Encouragement

I’ve been in counseling for the past 2 years…and I’ve been on a healing journey.

I have come out of a 21 year relationship that I can see now for what it truly was…TOXIC. I am the survivor of a toxic relationship. I have taken off my blinders and see life so much more clearly. I’m also done hiding. I’m done hiding behind the facade that I felt I had to put on myself in order to be loved, appreciated and respected. I’m done with putting on this good Christian family skin…and then going home and having it not reflect what we present at church. I’m not just posting the good on social media…and I don’t care who sees the broken and wounded parts of my life…this is part of me. This is part of our family dynamic and we are using these parts and pieces to create something beautiful and unique.

I grew up a Pastor’s kid. Pastor’s kids are known for 2 things…either being a goodie goodie or a rotten apple. I was not going to be the rotten apple. I am one who strives for the perception of perfect…in my mind if something is perfect then it is easy. So being a good kid or a good child is easy for me and I want to be that…but I live in a fallen world and I am a sinner so I am far from perfect. But I’m good at hiding the imperfections and only highlighting the good things…so sweep the clutter and mess out of the way for the picture but then you miss the parts that are real. You only let people see the good parts, you are thankful for so many things and you only speak about the hard or tragic parts with a spirit of thankfulness…so it doesn’t look like its truly overwhelming or too much. You let glimpses of your pain be seen but you hide the depths that you feel…so that people don’t treat you badly or differently.

I’m stopping the smokescreen. If I post something it’s going to be my life…the good the bad and the ugly. I’m done trying to only show the parts that don’t hurt, the things that make me seem like superwoman, the issues that don’t make me seem less than I truly am.
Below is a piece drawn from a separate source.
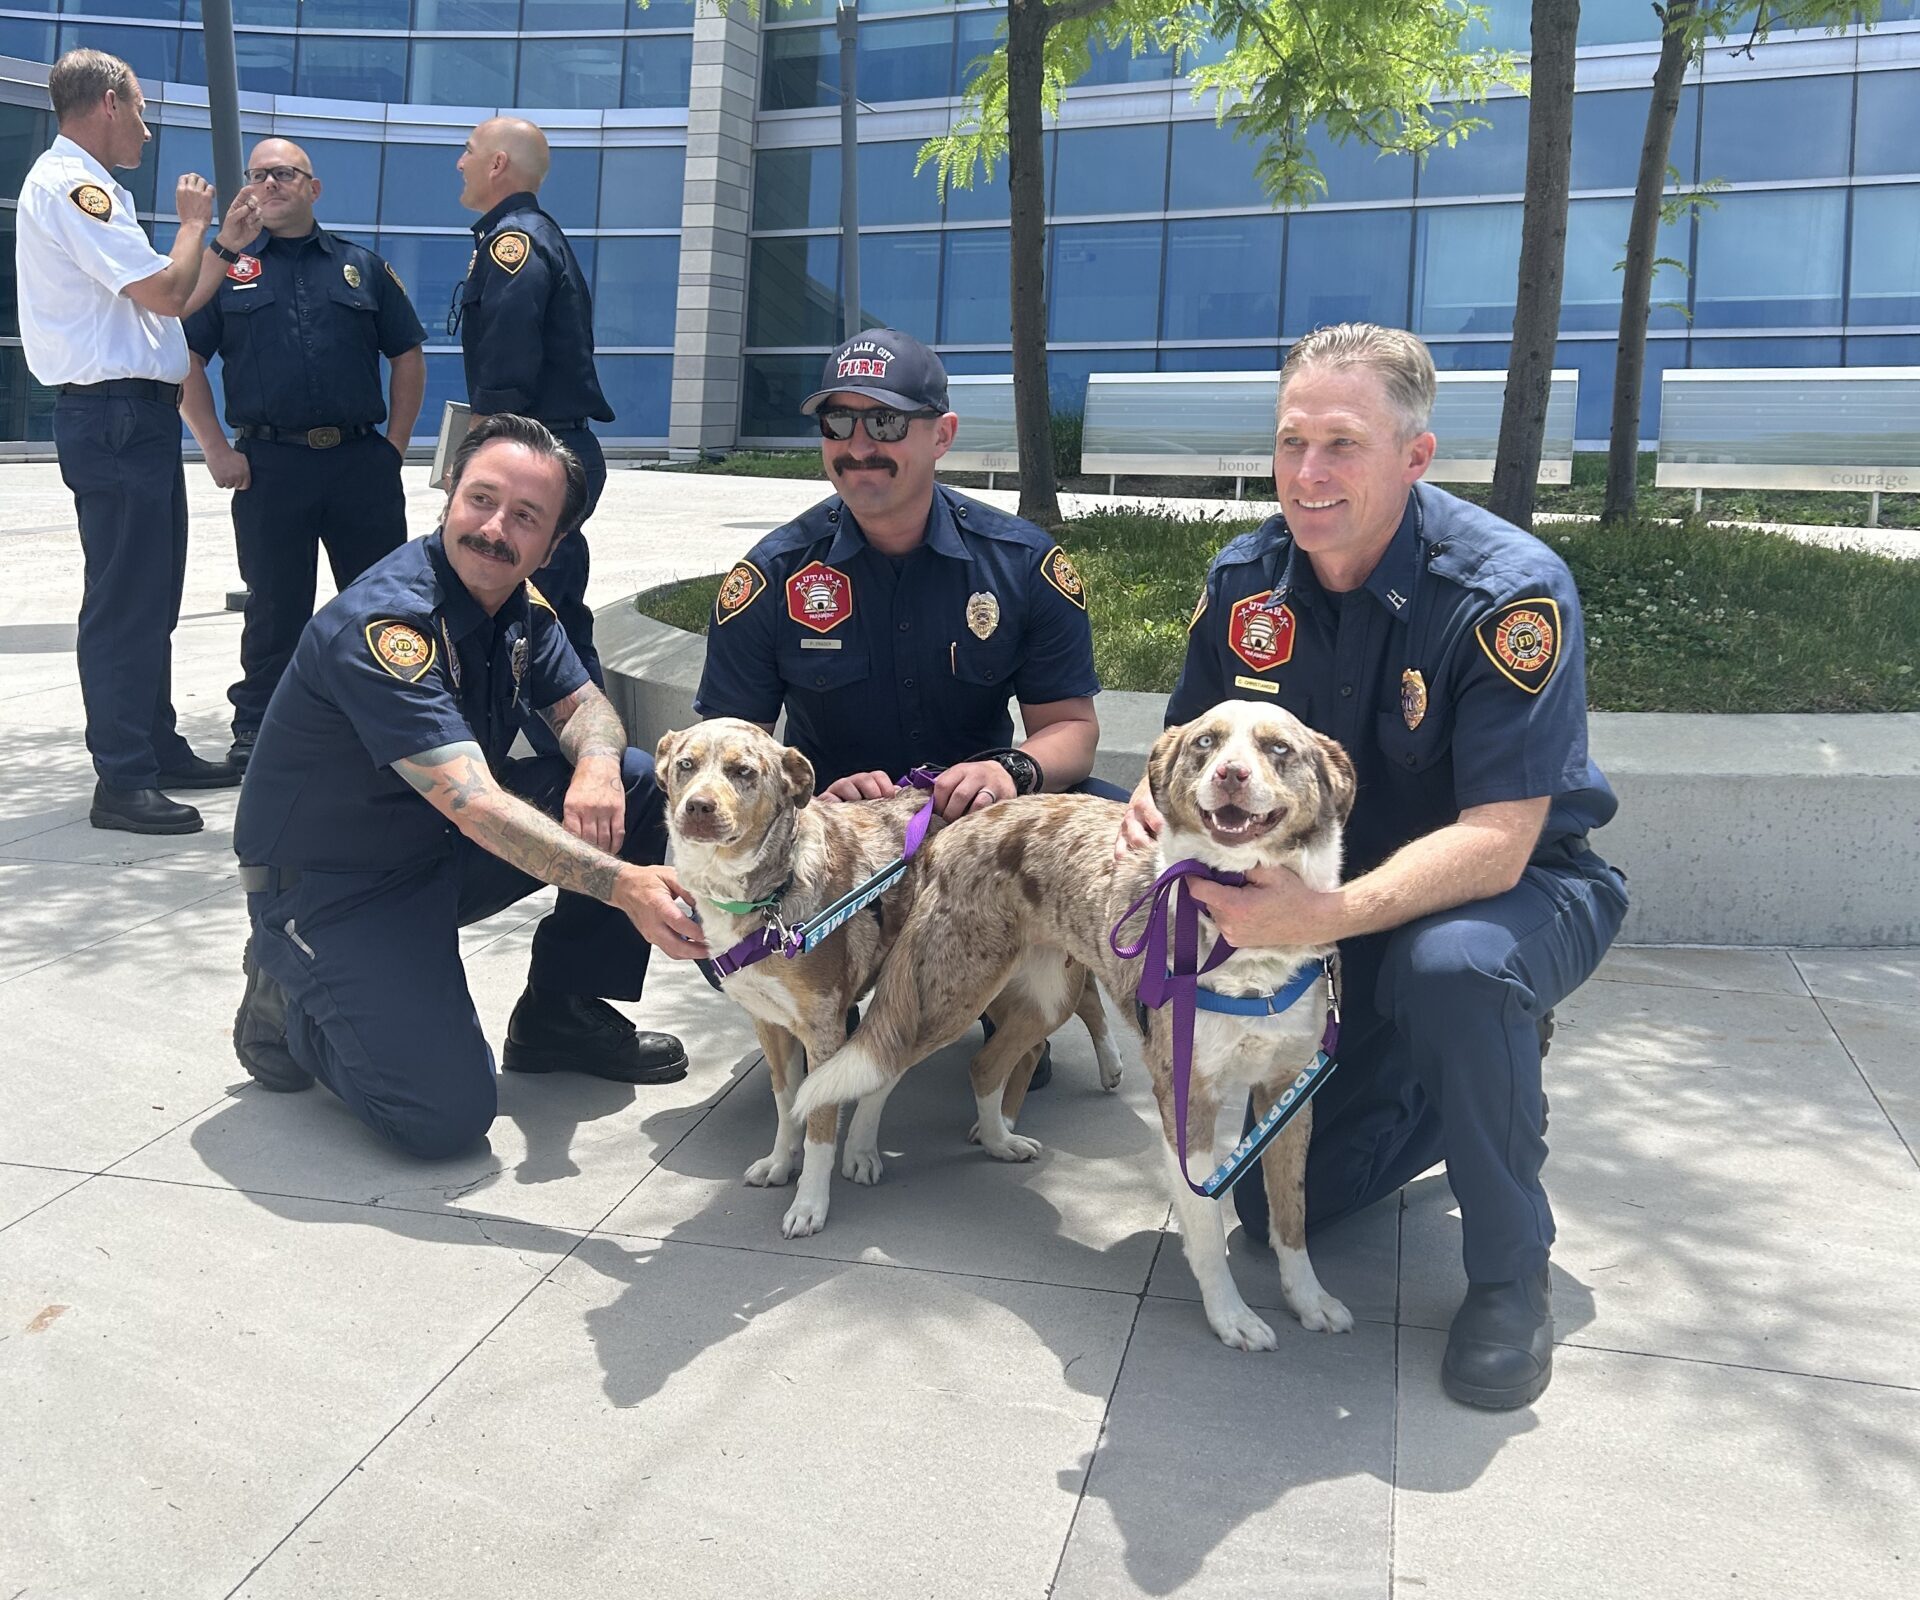 SLC Fire Department Joins Forces with HSU to Protect Pets in Hot Cars

I’m done putting on the mask of good Christiandom for the sake of making others comfortable. Parts of my life make me very uncomfortable. These are the sticky and tricky areas that help shape and mold you as you learn to be vulnerable, where you have to learn to trust and obey, the parts that make you feel like you are less or unworthy because they are not always the pretty side to life.
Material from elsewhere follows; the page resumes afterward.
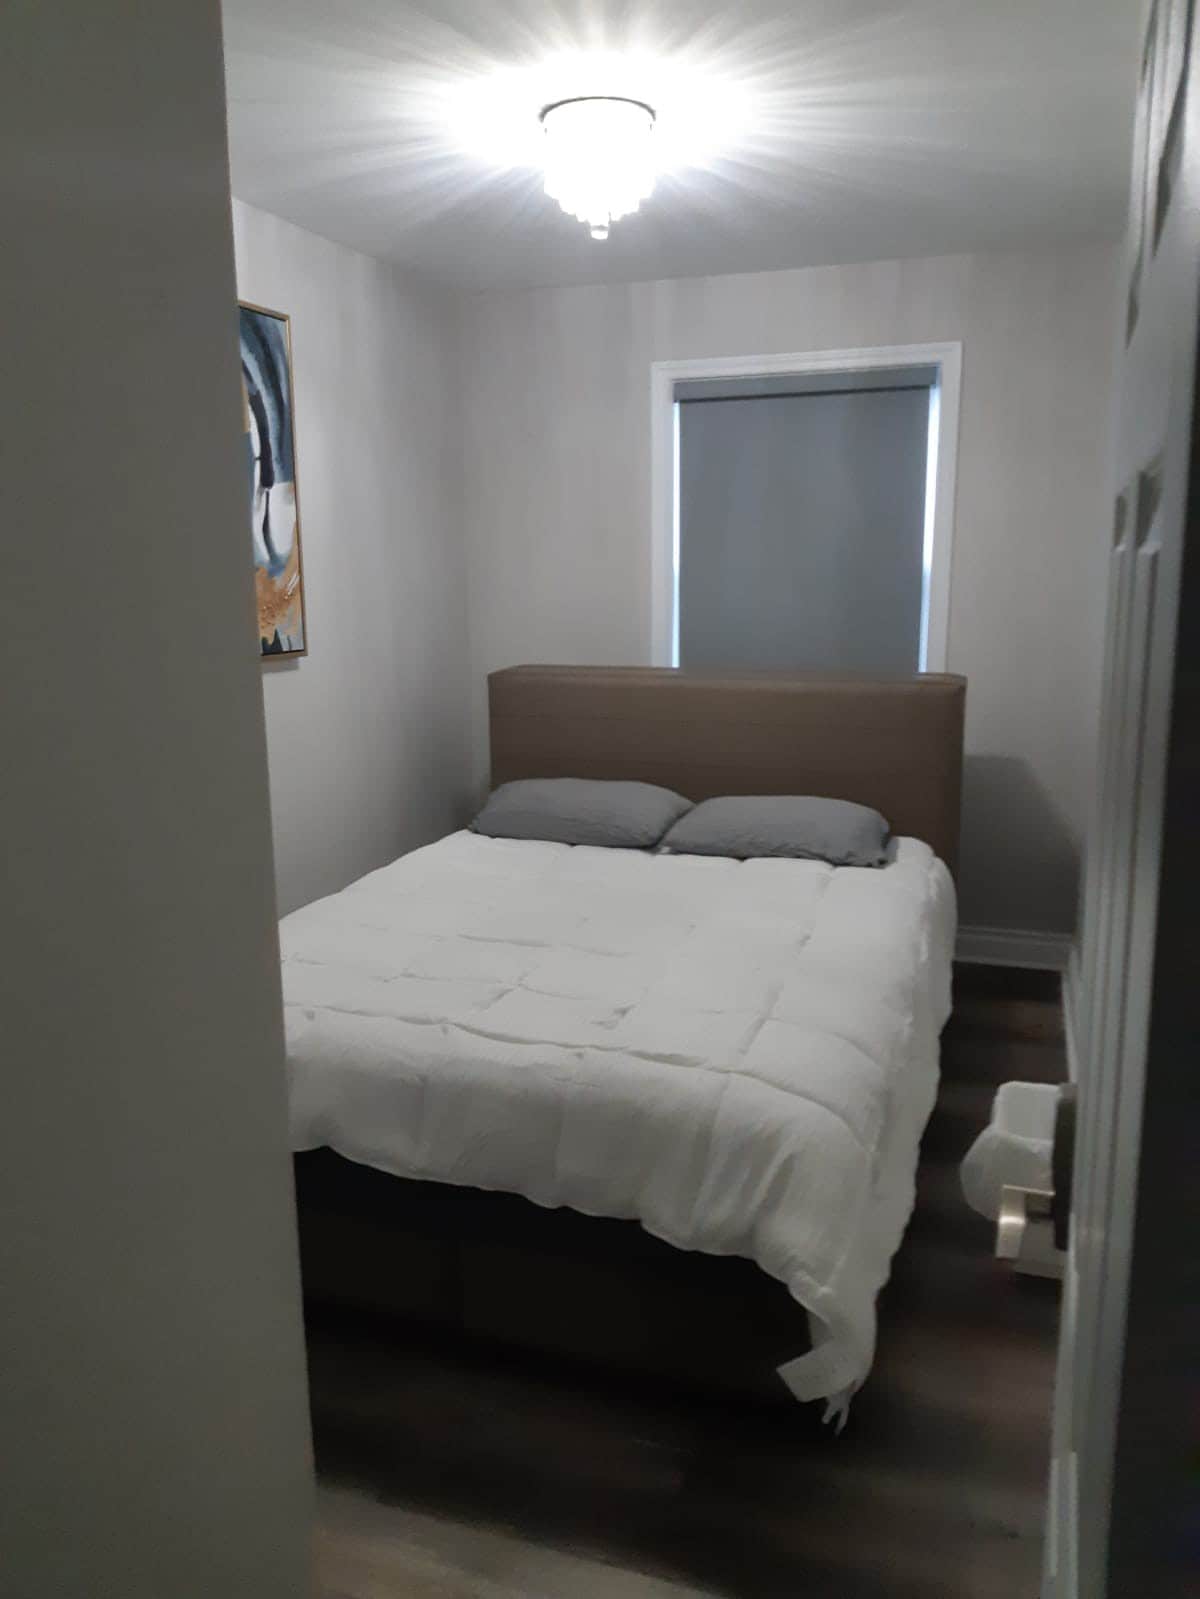 2 BRs Apartment 5 Mins From Humber River Hospital

What I am finding as I tear off my self imposed mask and this idea of perfection is that people genuinely like me for who I am and not just what they think I am…I am seen for being Me…and people love me. I don’t have to hide behind this idea that I have to be perfect. I can be loud, crazy, messy and eccentric and people enjoy me. They see my value and worth and don’t make me feel less. Am I too much for some people and have to be reminded to tone things down…yes..but it’s not done in a disparaging way but as a reminder that not everyone is wired the same way.
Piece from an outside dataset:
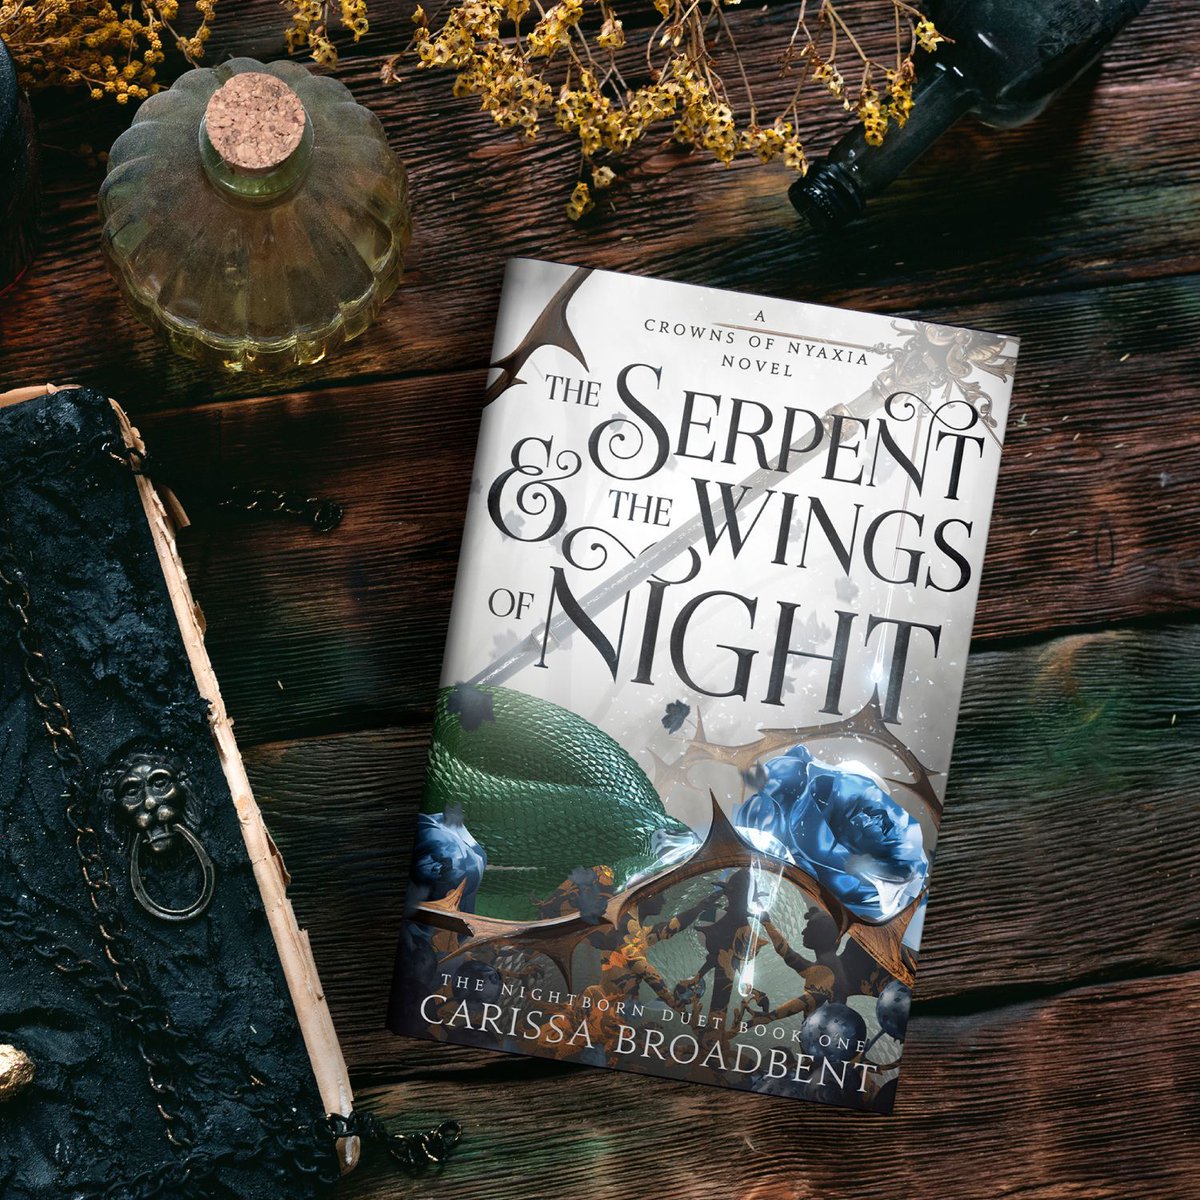 The Hunger Games meets vampires in this heart-wrenching, epic fantasy romance of dark magic and bloodthirsty intrigue 🧛 The Serpent & the Wings of Night by @CarissaNasyra is out in hardback now: buff.ly/48oKPag

The last two days I have been reminded that I am special, unique and that they are seeing a genuine JOY in my life. For many years I lived with this unrelenting weight of expectations and requirements that didn’t allow me to truly be available in the moments. I had to hide parts of myself or hold things back in order for the other person’s comfort and in the process I squashed myself into a box that made me feel so small and caused me to be so stressed that I literally ticked! I was wound up so tightly that I could barely feel anything but pain and sadness…I would try to relax and just be and it was so impossible and I would just try harder and start a viscous cycle or hamster wheel which I could never feel like I could get off.

I’m happy…there is a lightness of spirit…a feeling that I can handle the crazy that comes into my life and not everything is the end of the world. Are there moments when I wish I could run away and hide and just take a break? Yes, but there is a peace with knowing that I am doing a good job…that others see the changes and improvements in my life and I am not failing.

Encouragement comes in so many different ways. I’m grateful for all the people who come and tell me that they see just how far I have come and that I am doing a good job. I don’t always feel like I am making a difference but I know that people appreciate me and see me as a valuable member of society.